2021-02-27 13:18:55,369 - synapse.util.caches.response_cache - 189 - INFO - GET-85063- [sync]: using completed cached result for [(@Half-Shot:half-shot.uk, 0, None, '181', False, 'DHNXFYGPRT')]
2021-02-27 13:18:55,369 - twisted - 257 - CRITICAL - GET-85063- Unhandled error in Deferred:
2021-02-27 13:18:55,370 - twisted - 257 - CRITICAL - GET-85063- 
Traceback (most recent call last):
  File "/opt/synapse/lib/python3.9/site-packages/synapse/storage/database.py", line 532, in new_transaction
    r = func(cursor, *args, **kwargs)
  File "/opt/synapse/lib/python3.9/site-packages/synapse/storage/databases/state/bg_updates.py", line 121, in _get_state_groups_from_groups_txn
    txn.execute(sql % (where_clause,), args)
  File "/opt/synapse/lib/python3.9/site-packages/synapse/storage/database.py", line 294, in execute
    self._do_execute(self.txn.execute, sql, *args)
  File "/opt/synapse/lib/python3.9/site-packages/synapse/storage/database.py", line 320, in _do_execute
    return func(sql, *args)
psycopg2.OperationalError: SSL SYSCALL error: EOF detected


During handling of the above exception, another exception occurred:

Traceback (most recent call last):
  File "/opt/synapse/lib/python3.9/site-packages/twisted/internet/defer.py", line 1416, in _inlineCallbacks
    result = result.throwExceptionIntoGenerator(g)
  File "/opt/synapse/lib/python3.9/site-packages/twisted/python/failure.py", line 512, in throwExceptionIntoGenerator
    return g.throw(self.type, self.value, self.tb)
  File "/opt/synapse/lib/python3.9/site-packages/synapse/handlers/sync.py", line 313, in _wait_for_sync_for_user
    result = await self.current_sync_for_user(
  File "/opt/synapse/lib/python3.9/site-packages/synapse/handlers/sync.py", line 344, in current_sync_for_user
    return await self.generate_sync_result(sync_config, since_token, full_state)
  File "/opt/synapse/lib/python3.9/site-packages/synapse/handlers/sync.py", line 1000, in generate_sync_result
    res = await self._generate_sync_entry_for_rooms(
  File "/opt/synapse/lib/python3.9/site-packages/synapse/handlers/sync.py", line 1444, in _generate_sync_entry_for_rooms
    await concurrently_execute(handle_room_entries, room_entries, 10)
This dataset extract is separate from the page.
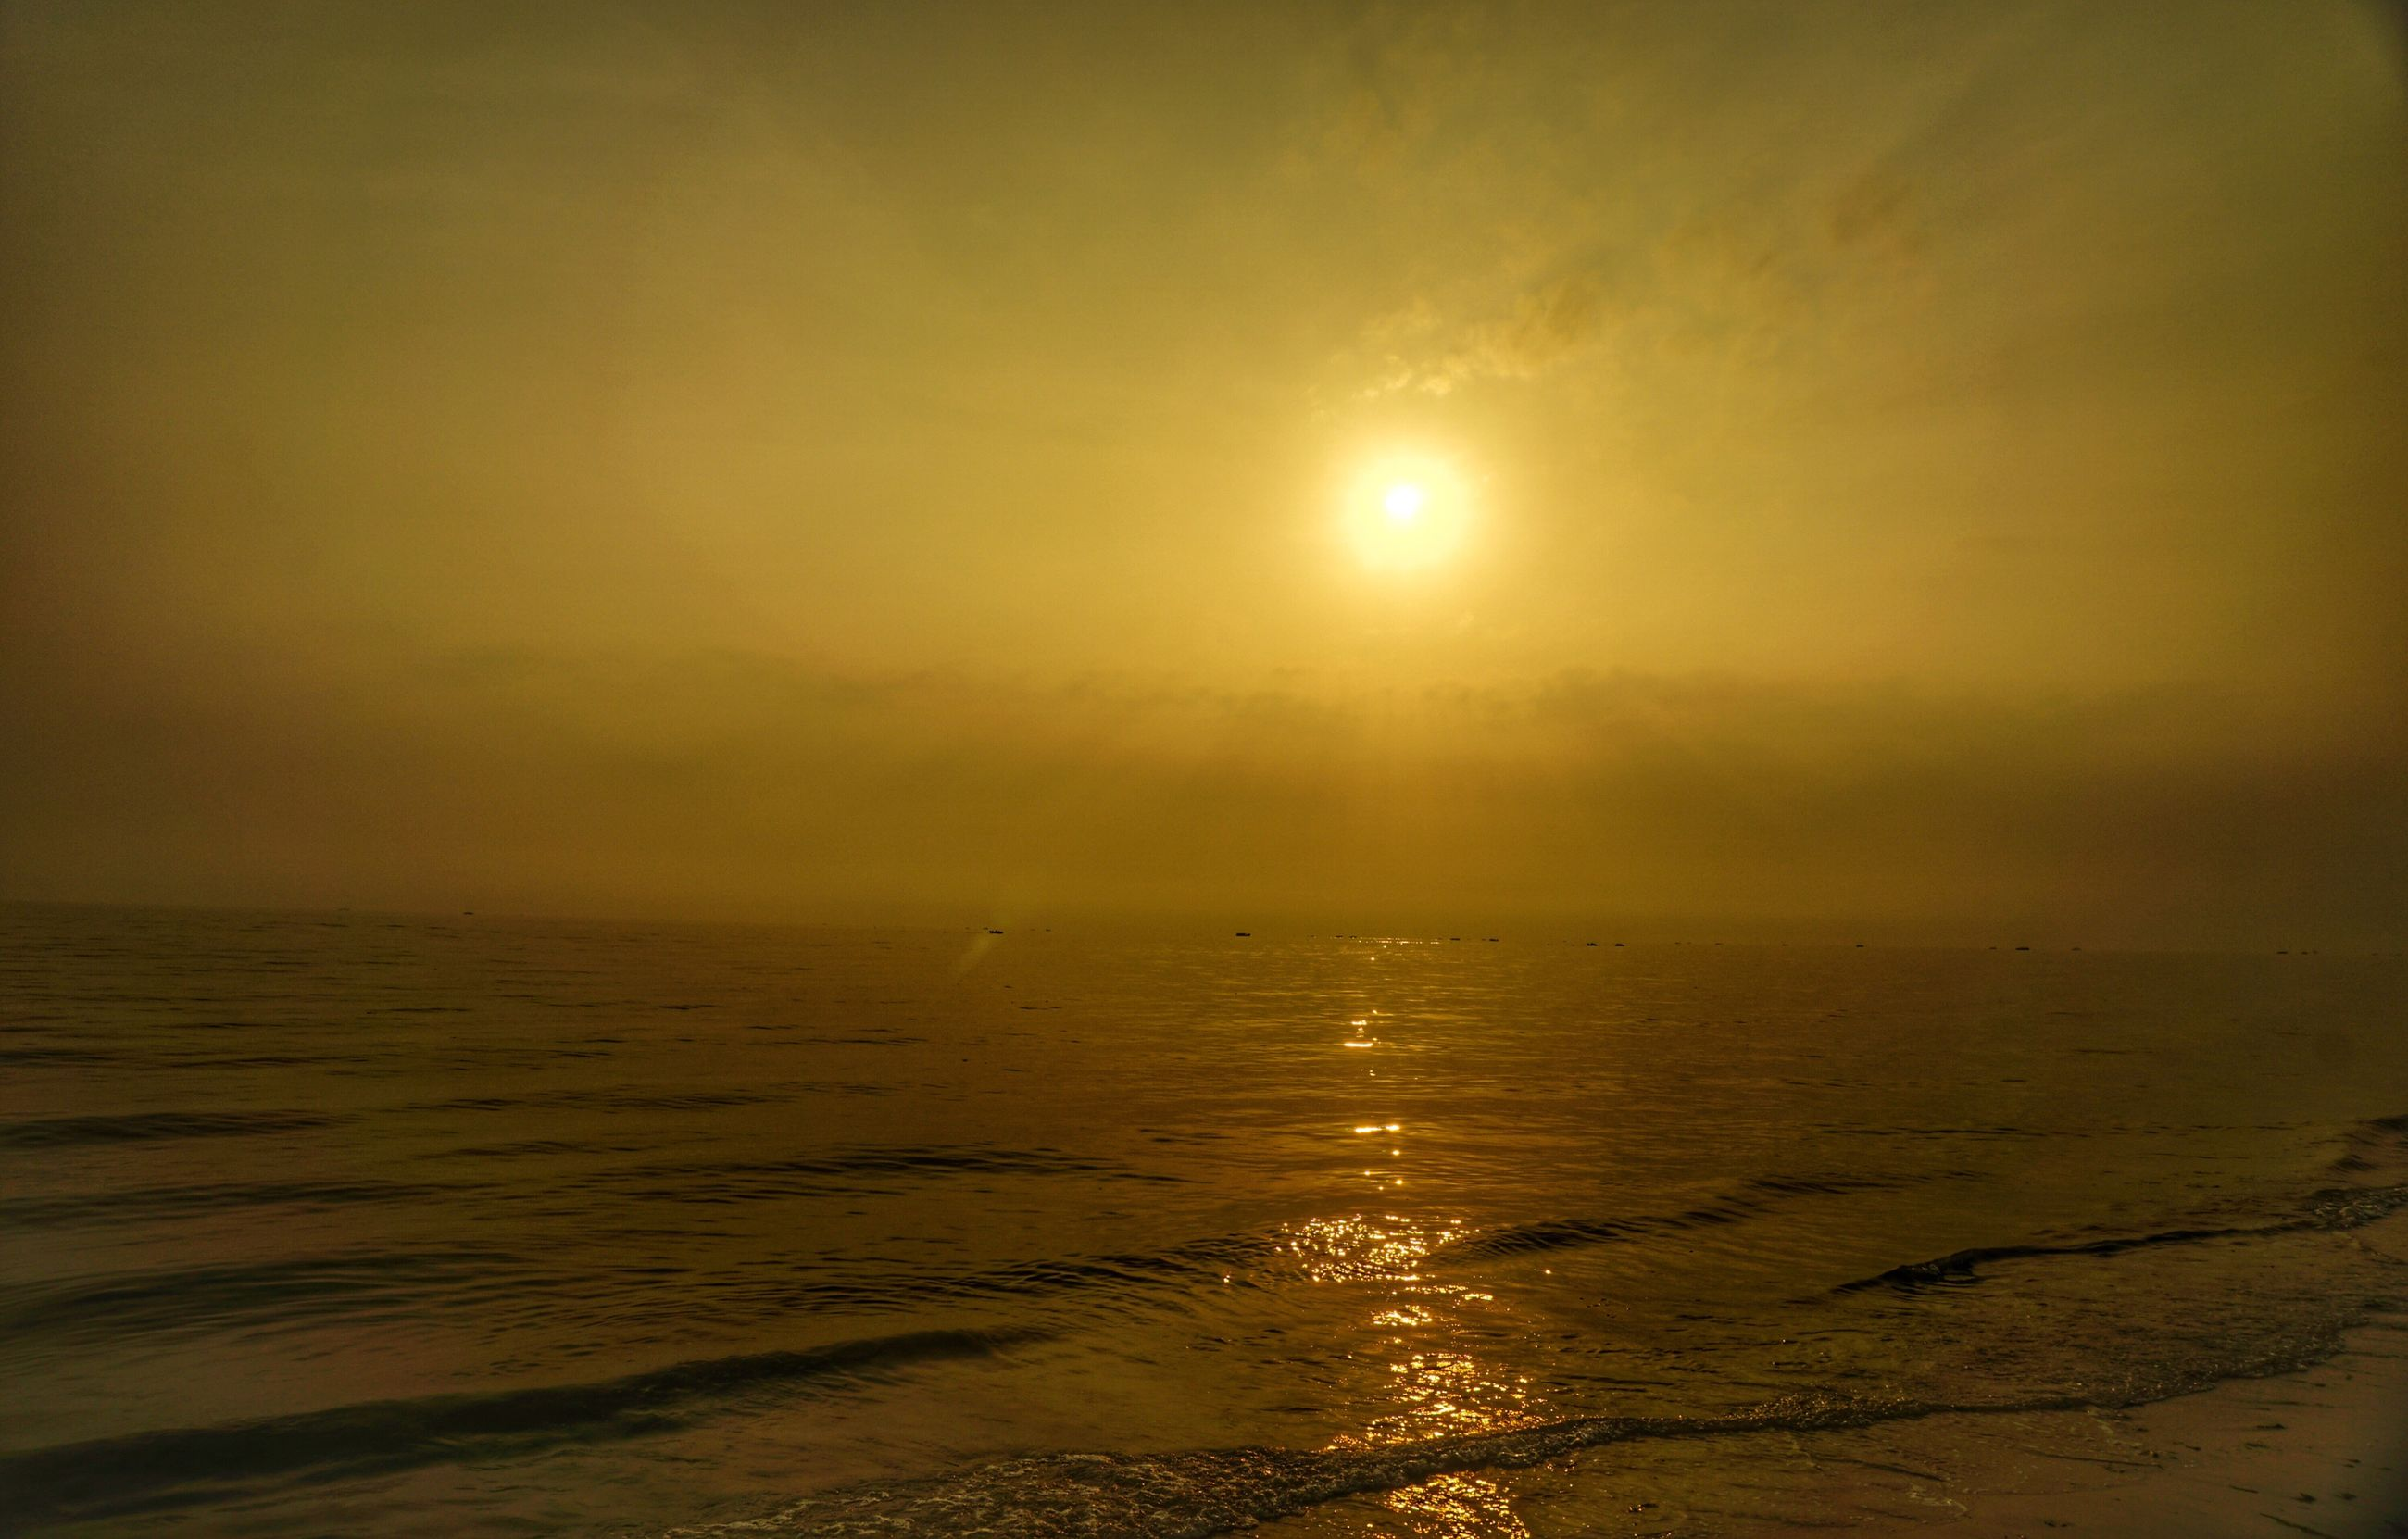 sea, water, sun, sunset, tranquil scene, scenics, horizon over water, beach, tranquility, beauty in nature, shore, nature, idyllic, sky, reflection, sand, sunlight, remote, wave, non-urban scene

  File "/opt/synapse/lib/python3.9/site-packages/twisted/internet/defer.py", line 1416, in _inlineCallbacks
    result = result.throwExceptionIntoGenerator(g)
  File "/opt/synapse/lib/python3.9/site-packages/twisted/python/failure.py", line 512, in throwExceptionIntoGenerator
    return g.throw(self.type, self.value, self.tb)
  File "/opt/synapse/lib/python3.9/site-packages/synapse/util/async_helpers.py", line 174, in _concurrently_execute_inner
    await maybe_awaitable(func(next(it)))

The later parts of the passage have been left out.